Dr. Anne Snowdon has published her report “Strengthening Communities for Canadian Children with Disabilities”. Commissioned by Human Resources and Skills Development Canada, the study concludes that most children with disabilities in Canada are isolated and can count few if any meaningful and reciprocal relationships in their lives outside of their immediate families.
“Communities tend to have more opportunities for children in the zero-to-six, maybe zero- to eight-year-old age range, but when we’re working with children who are 18 or 21 or 24, there are many, many fewer opportunities,” she said in an interview…When families were asked to describe their child’s friendships with peers, 53 per cent said their child has “no close friends” or only “one close friend.”
It’s a subject that “really reaches at the heartstrings when you talk to these children and their families,” said Snowdon.
“More than half of them had one or had no friends. So that is a very compelling red flag for me, that we need to work harder in our communities to help them maintain and to really build those social networks beyond no friends, and-or just one friend, because we all know nobody really thrives with just one friend.”
Sometimes the very foundational systems we put in place to provide children, with care, early intervention, special settings for education and sports, can be significant contributing factors to their over all loneliness, these systems can create barriers and a gradual but profound shift from real community into a life of paid service delivery.
Everyone needs a foundation. A strong, rock solid foundation in community. One that is based one shared interests, commonalities, even geography. Relationships that are real and alive and enduring bloom and foster in naturally occurring settings based on things that kids care about or are good at, not in places where children are grouped together based on what the community perceives to be most broken about them. This is the grounding and connection that all human beings need to thrive.
We know that for some of our most vulnerable citizens that foundation can be crumbling, deteriorating, and in the most devastating of situations virtually non-existent.

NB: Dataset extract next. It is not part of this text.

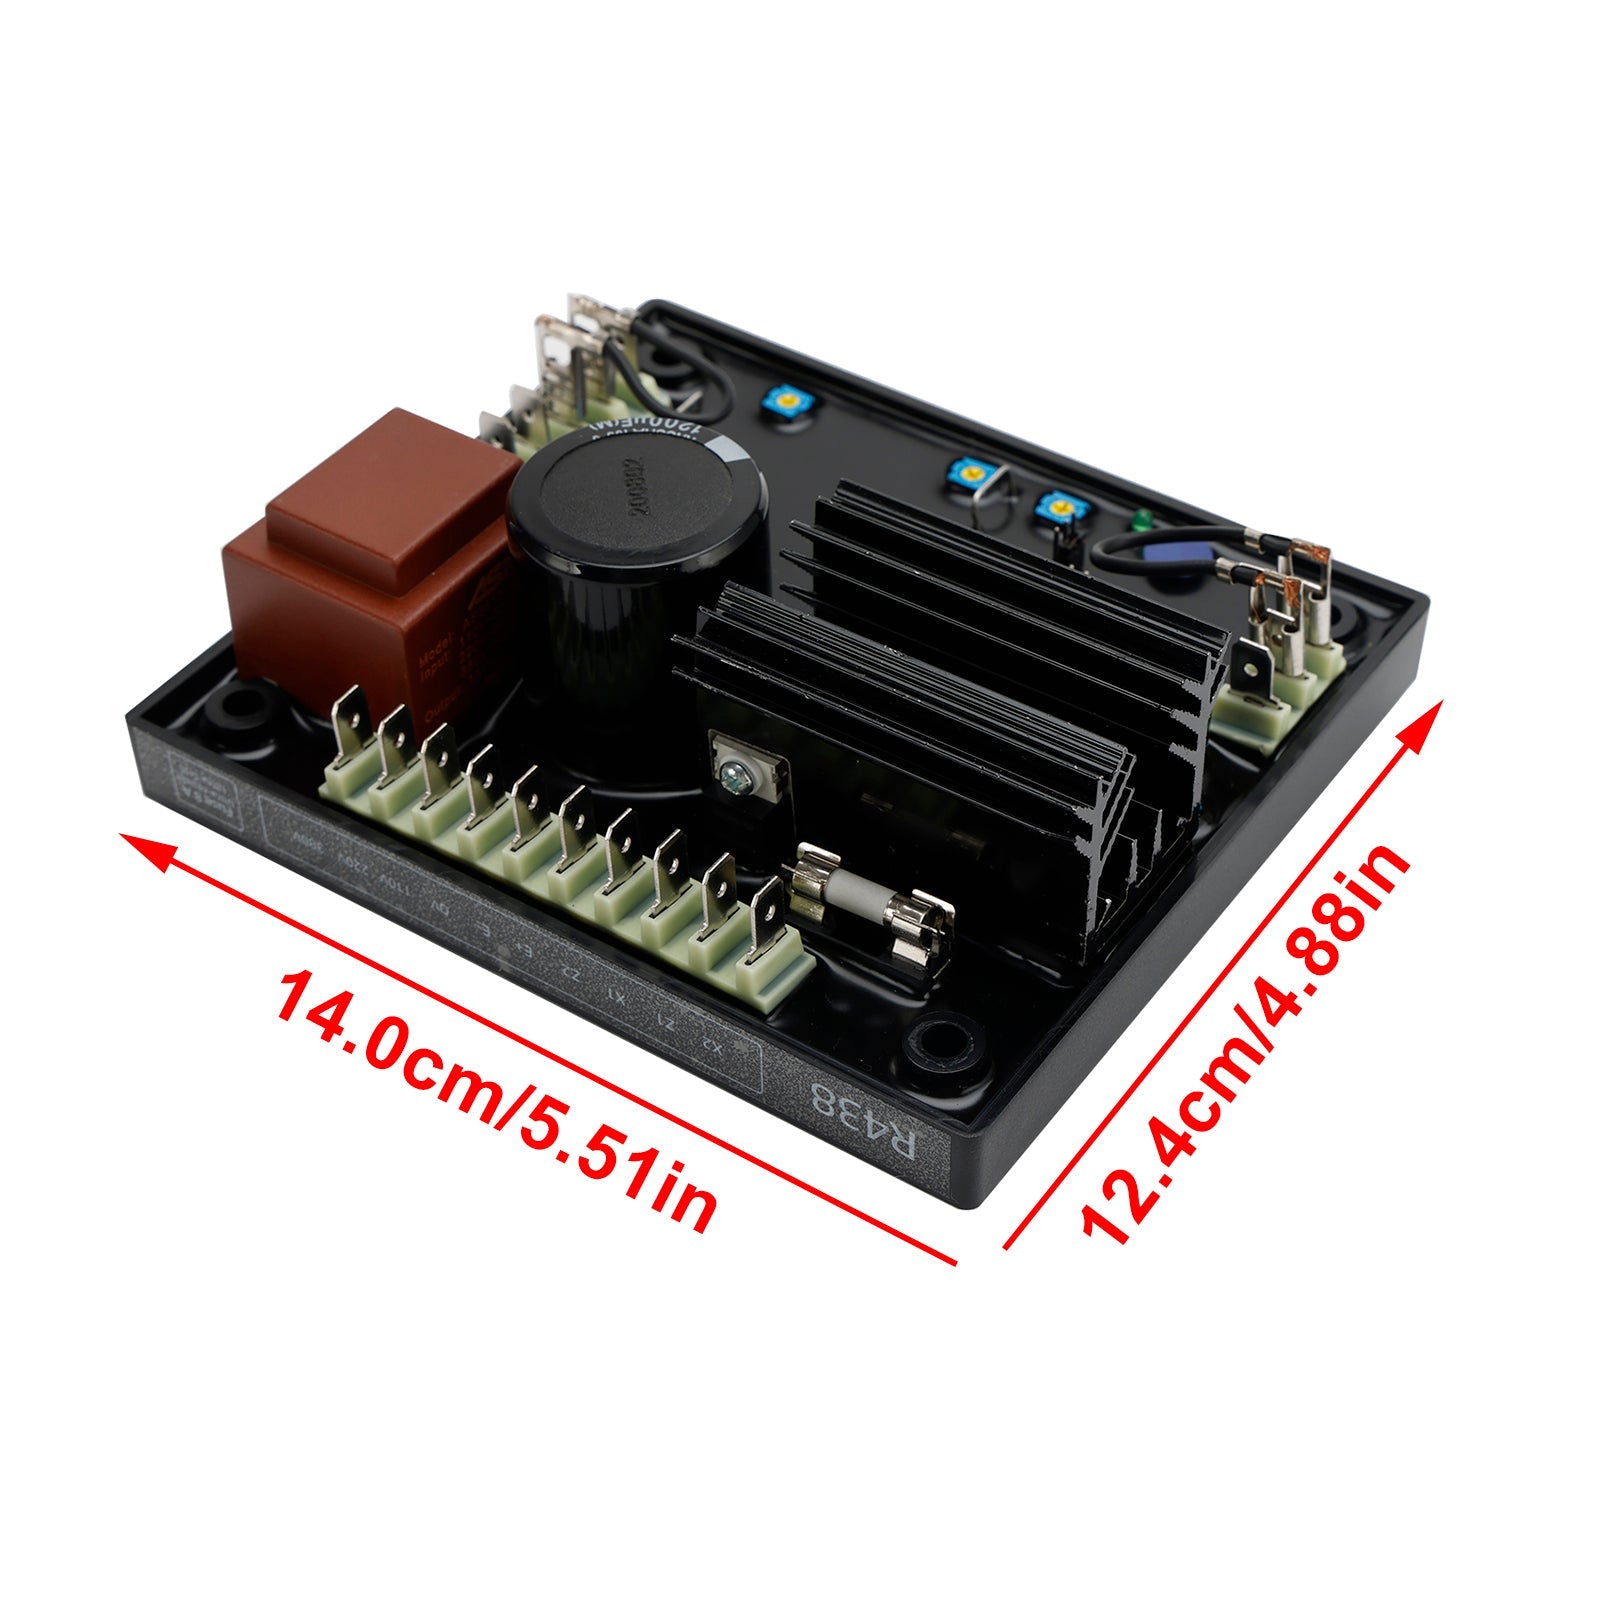 Régulateur de tension automatique AVR R438 compatible avec le générateur Leroy Somer

Citizens with disabilities are often people who have lived at the mercy of service delivery, lived lives lacking in unpaid relationships, who have lived in institutional settings, folks who float through this life with nothing that connects them in real and meaningful ways to the world and to it’s communities.
This lack of terra firma, of relationships, of love, or friendships sets us afloat in this life, occasionally touching down to get a taste the real flavour of family. Then before the gravity of respect, rights, or the ties that bind us to each other, get a firm hold on the legitimacy of citizenship, identities are often reduced and erased by shifting government priorities, vanishing funding, and rhetorical policies. These observers become tourists in their own lives, floating off again into the atmosphere… Such is often the reality for many citizens with disabilities.

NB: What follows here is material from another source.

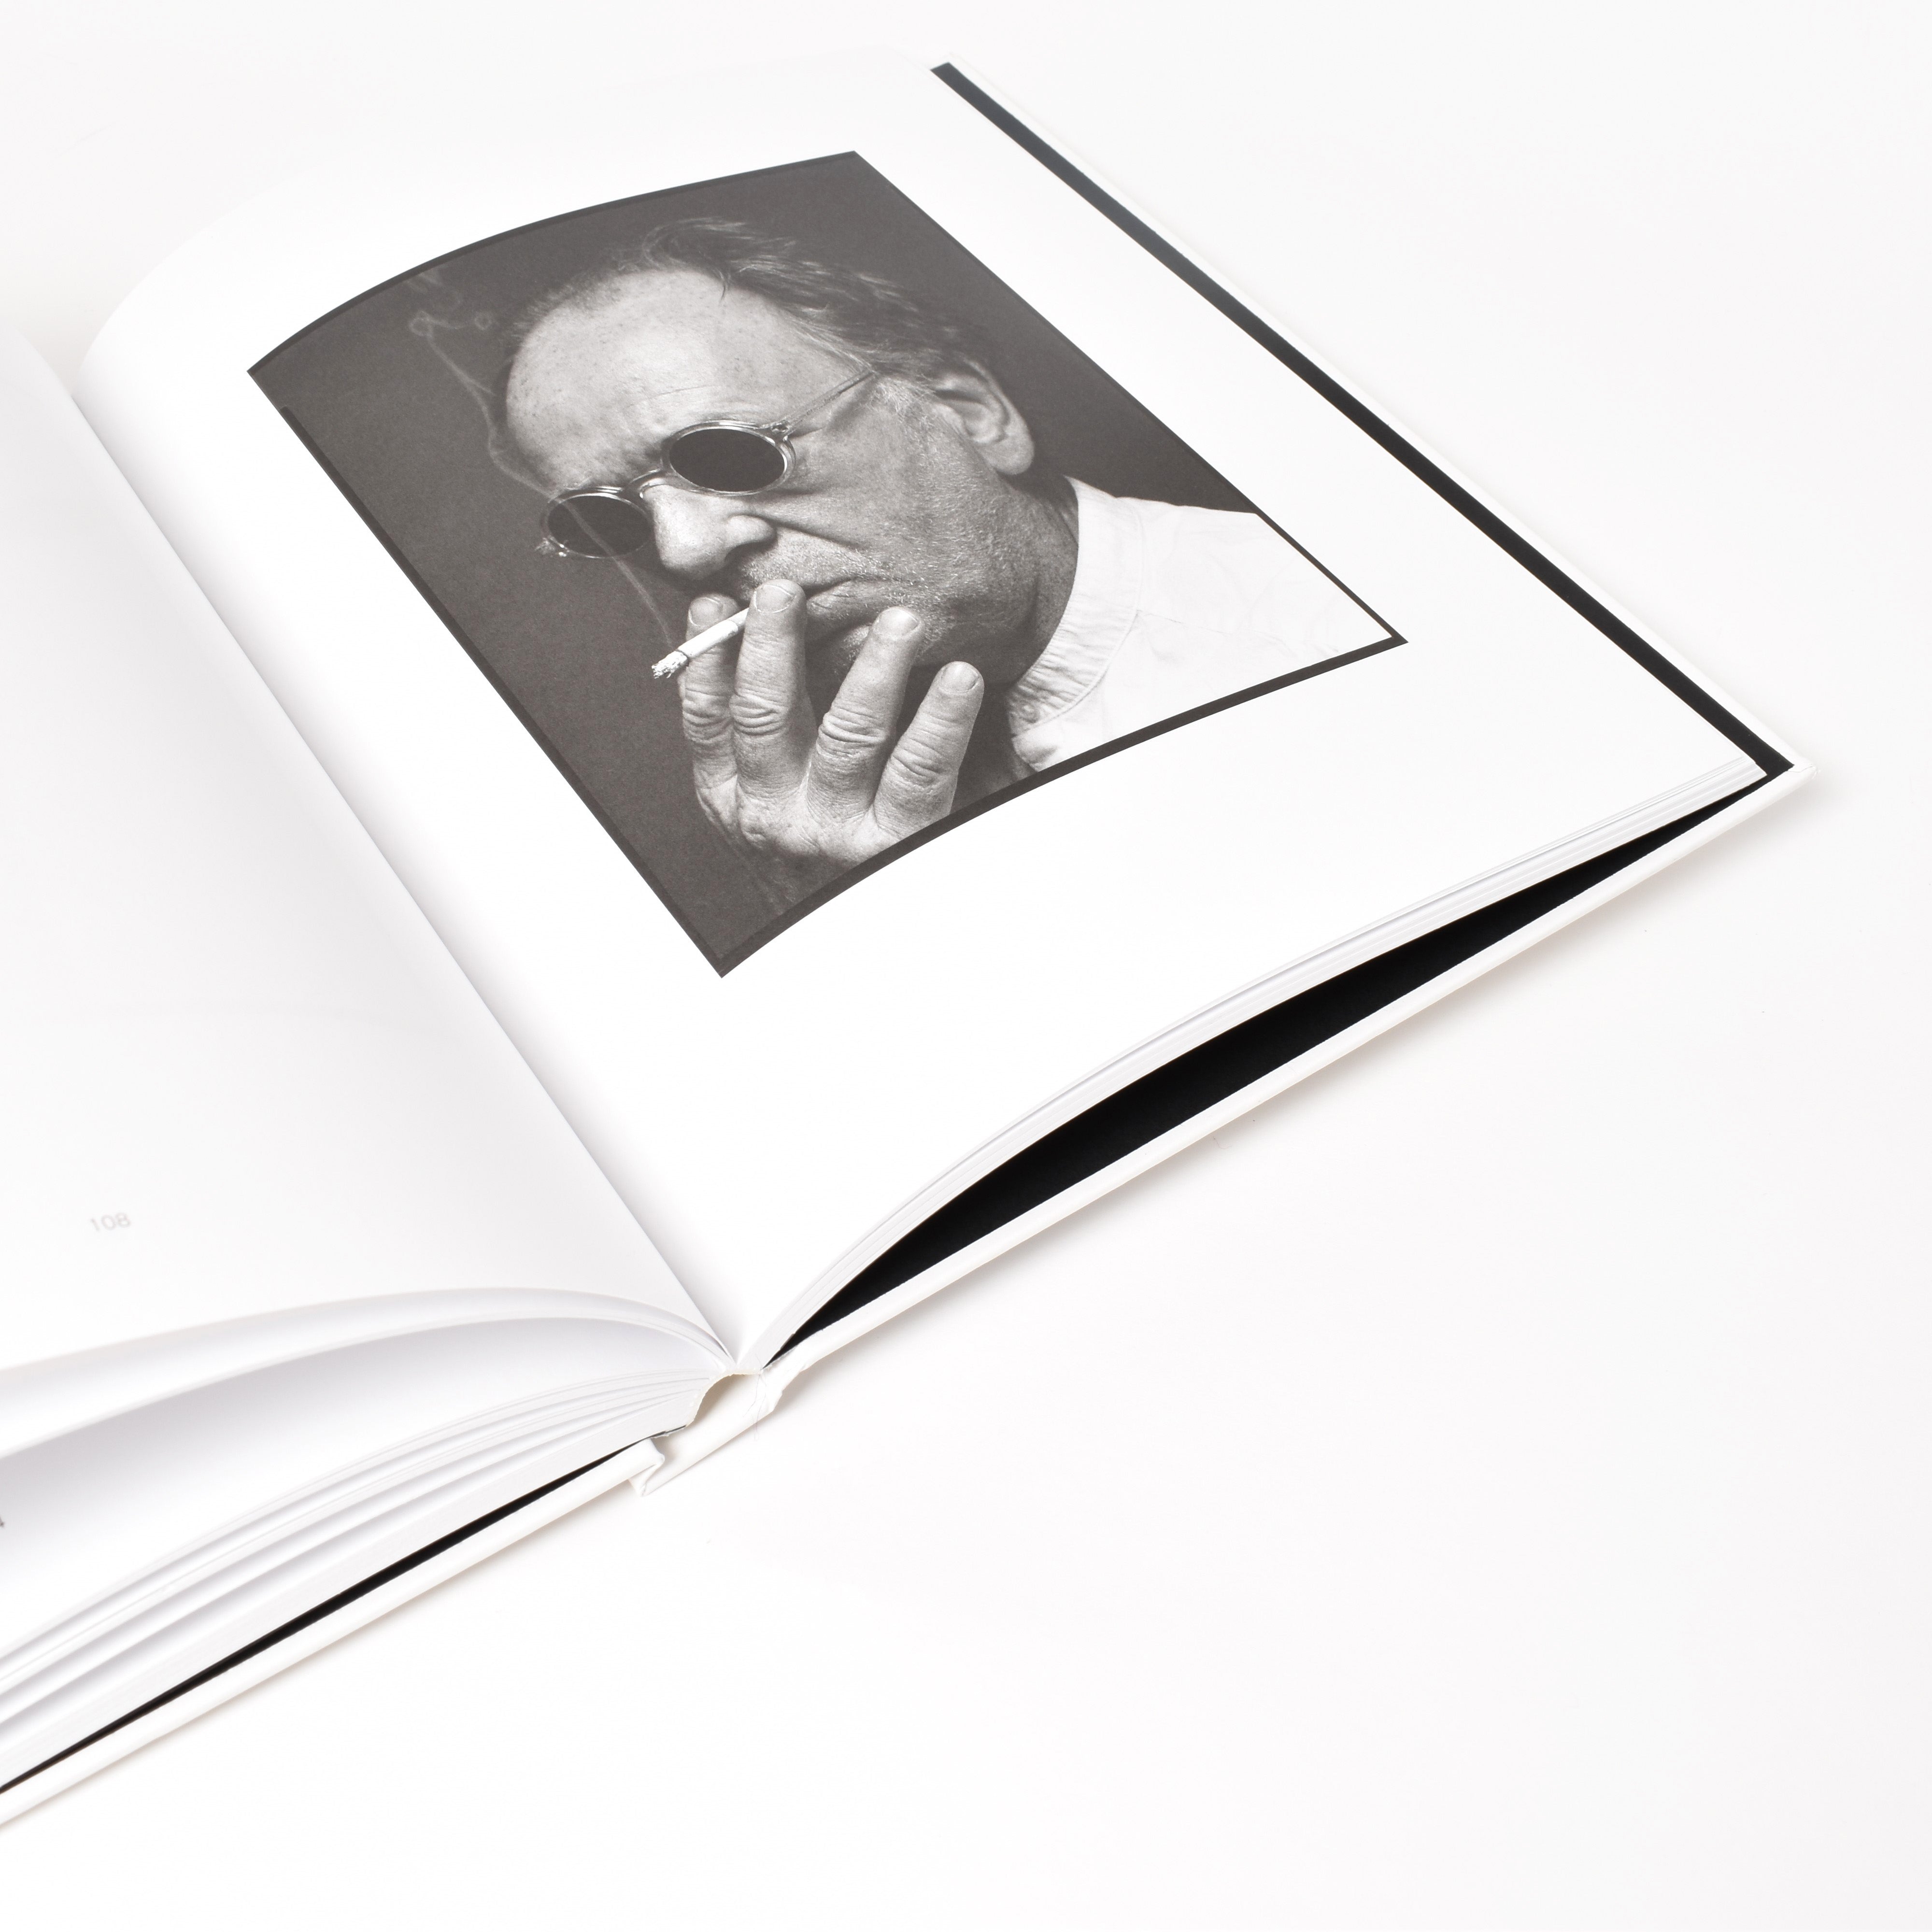 insida i boken dawid - men med svartvitt fotografi av en man som röker

Perhaps Simon and Garfunkel got it wrong…perhaps the problem is not in being a rock, but in being a rock who doesn’t know how it got to be a rock, or how it relates to other rocks…. Maybe the secret is in understanding how all the rocks make up an island…Like John Donne said…”No man is an island, entire of itself; every man is a piece of the continent, a part of the main.”
Who is a part of your “main” and who can we help bring to the “main” of people with disabilities in this world…for whom isolation and loneliness keeps them from attaching to the soil and sinew of this life.





Al Etmanski and Vickie Cammack of PLAN have long known this to be true. Thank goodness for personal support networks and TYZE (www.tyze.com). The future of our children with disabilities need not be lonely.
Really liking your website and message. I’ve come to think this is the most important conversation and we need to keep having it. Our organization came to that realization the hard way, by spending time with folks and realizing at thing we thought we did well was something that wasn’t priorised and which our stakeholders didn’t know how to do . It should, indeed, be a “red flag” when no one but the individual’s workers come to a planning meeting, or only his mom. Yet our organizations are not trained to see it as such and it’s only recently in BC that our government has addressed the gap with some great messaging around community safeguards. Most agencies don’t train for it, however, and for probably 99% of the staff that come to our workshops it’s new information (though the agency will often say it’s not). And families have few supports around figuring out what to do when they see the gap. tyze only works for people who already have networks, and a) PLAN has mixed reviews from consumers b) what does it mean that we’re willing to hand over responsibility for something central in life? The thing that research now tells us keeps us healthy, makes recovery more certain when we do become ill, supports our mental well being, makes us live longer, gives us more access to employment and opportunity and increases our executive functioning?
This is a huge red flag for me as a mother but should also be something that society concerns itself with. Inclusion in a community is great but if that means my son works in a store and then goes home alone to an empty apartment until his next shift than we have not reached the full meaning of inclusion. My son has one friend, many peers but only one true friend. He has a great personality, loves animals, wonderful reader and loves watching Big Bang Theory. How do I, as a Mom help him make social connections? It is an ongoing concern for me and for other families with children like ours.